= Collin Rogers =

American architect

Collin Rogers (May 7, 1791 – October 25, 1845) was an American master builder and neoclassical architect. He designed and built houses for antebellum planters in Troup and Coweta Counties in Georgia. His first name is also spelled as Cullen or Cullin, his surname as Rogers.

==Works==

Rogers, a builder by trade, worked in partnership with his brother Henry. By 1830 Henry owned around thirty slaves employed as construction hands and craftsmen. Rogers did not receive a formal training in architecture. Rogers, like his contemporary Daniel Pratt, was influenced by the works and ideas of Asher Benjamin (The American Builder's Companion) and Edward Shaw.

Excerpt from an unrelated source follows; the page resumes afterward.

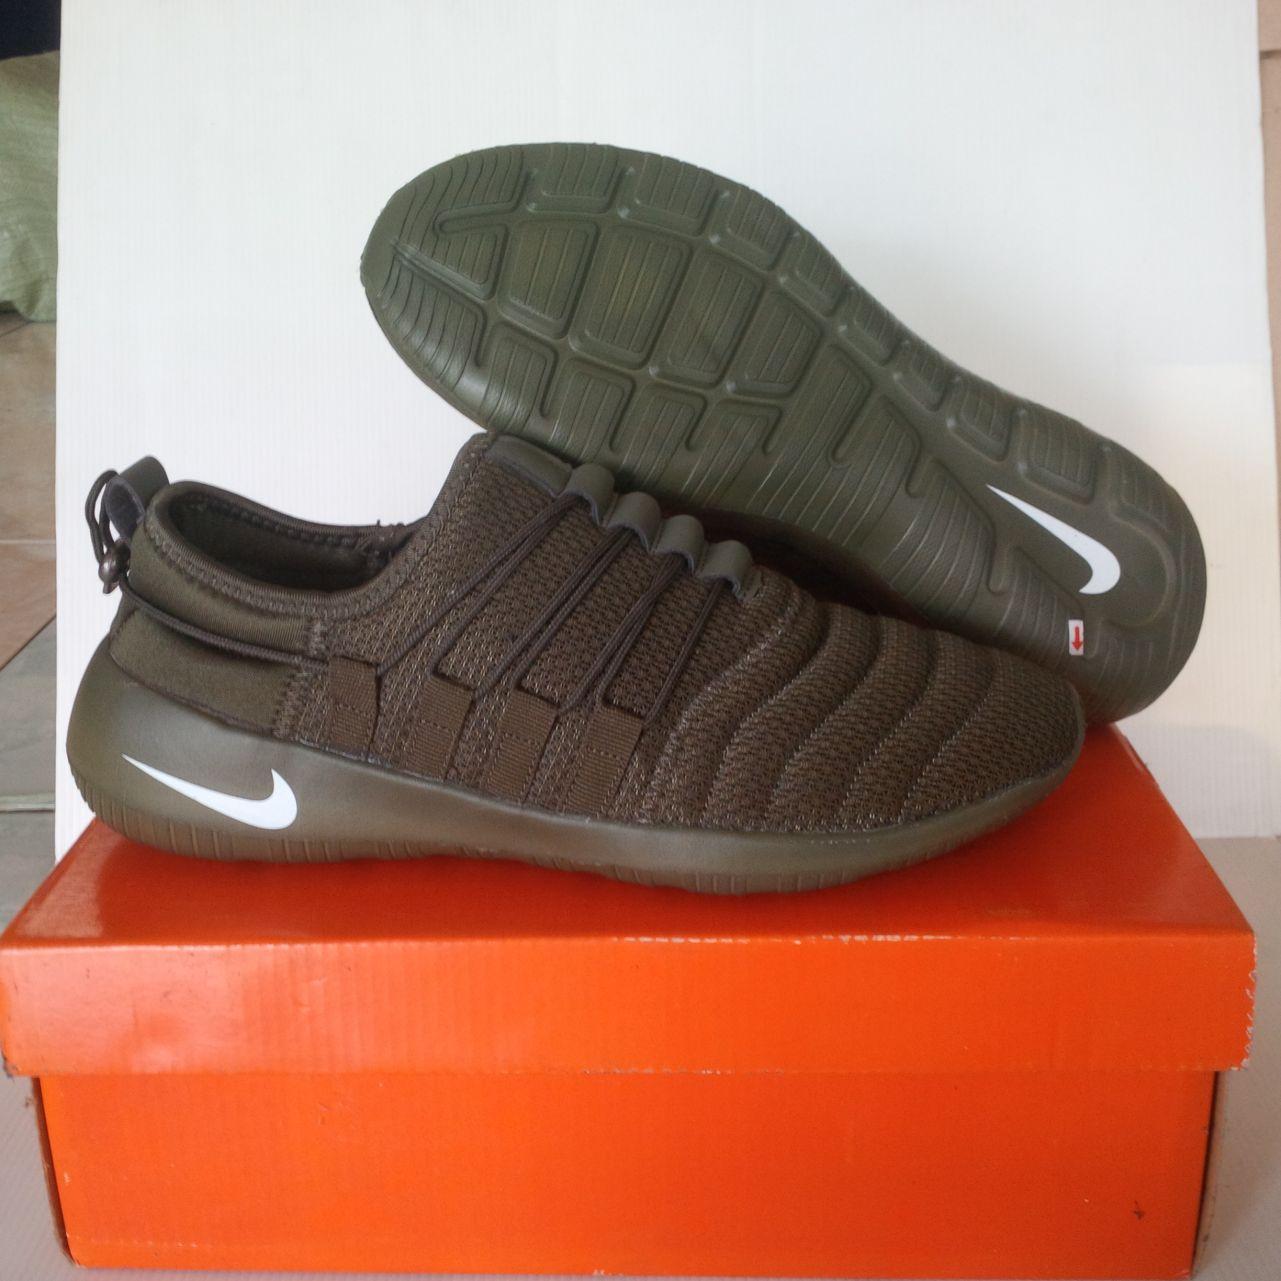 sepatu pria nikelap payaa running olahraga dan gaul premium NK4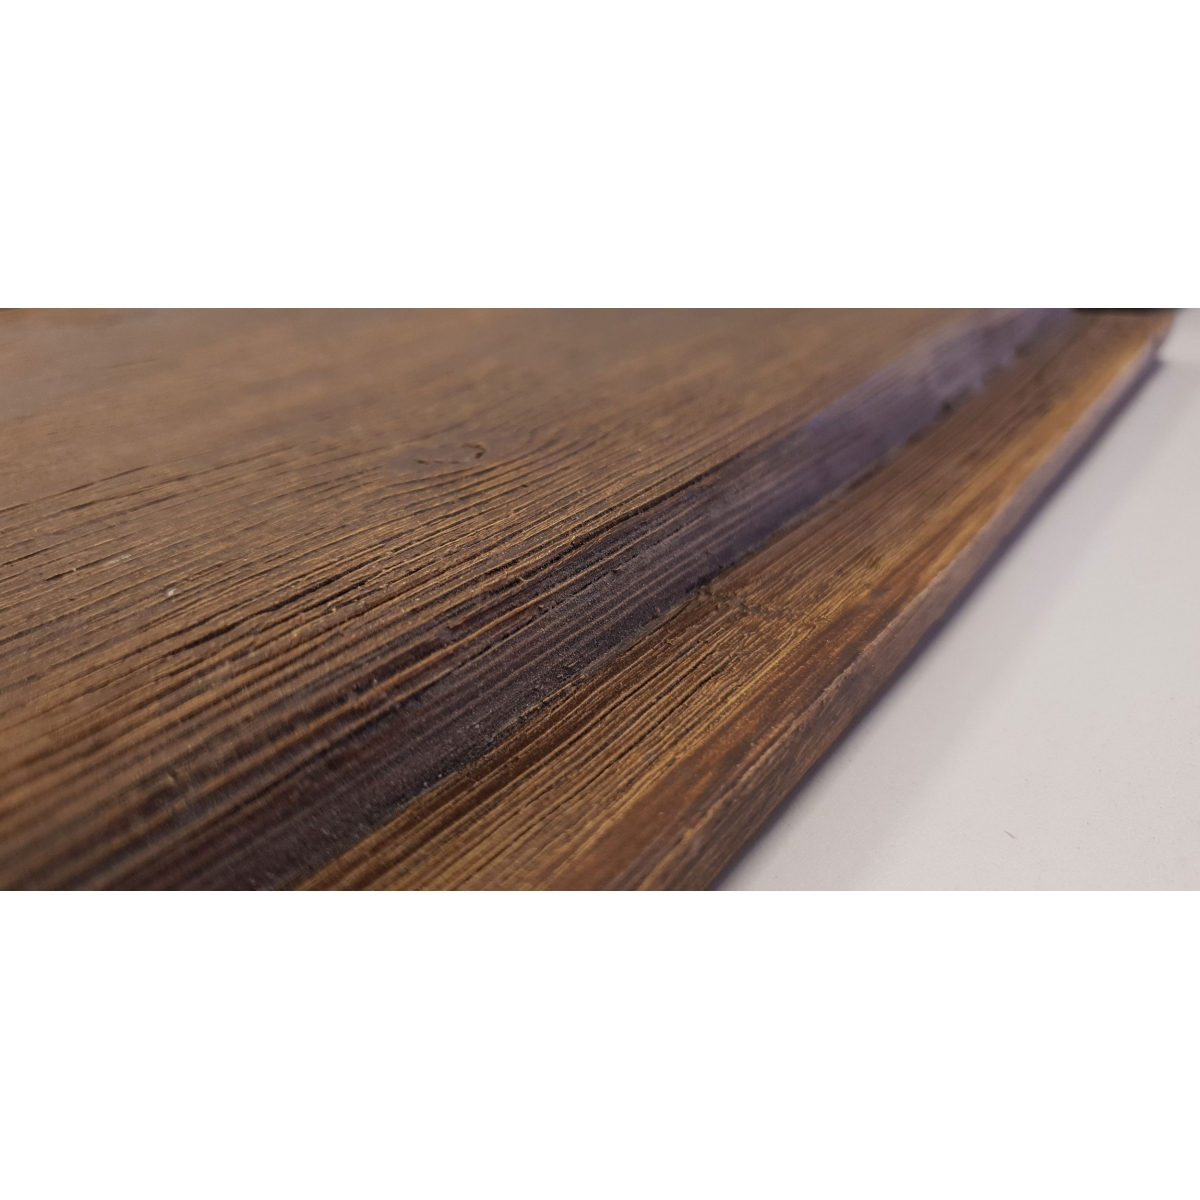 Paneles imitación madera de poliuretano Grupo Unamacor

Six extant houses designed and built by Rogers in the 1830s are listed on the National Register of Historic Places in Georgia:

- McFarland-Render House (The Magnolias), La Grange (1830–1833), moved to Coweta County and restored
- Henderson-Orr House, Stallings Crossing, Coweta County (1828 home-enlarged by Rogers in 1832)
- Nutwood, La Grange (1833)
- Nathan Van Boddie House, La Grange (1836)
- Edwards-Phillips House, La Grange (1835–1840) (Now demolished)
- Fannin-Truitt-Handley Place, La Grange (1835–1840) (Now demolished)

Rogers designs followed the standard Georgian floor plan with four rooms divided with a central hall. He employed four-column porticos and diamond-shaped sidelights. According to the authors of The Architecture of Georgia, his La Grange houses, built in the 1830s, look "old-fashioned" in the sense that they followed the pattern set by Daniel Pratt in Milledgeville in the 1820s.

His trademark was a 6 pointed star in the center of the volute of the Ionic columns of his works.

Rogers also served as the county judge of inferior court (county commissioner) in 1832–1833 and in 1837–1842.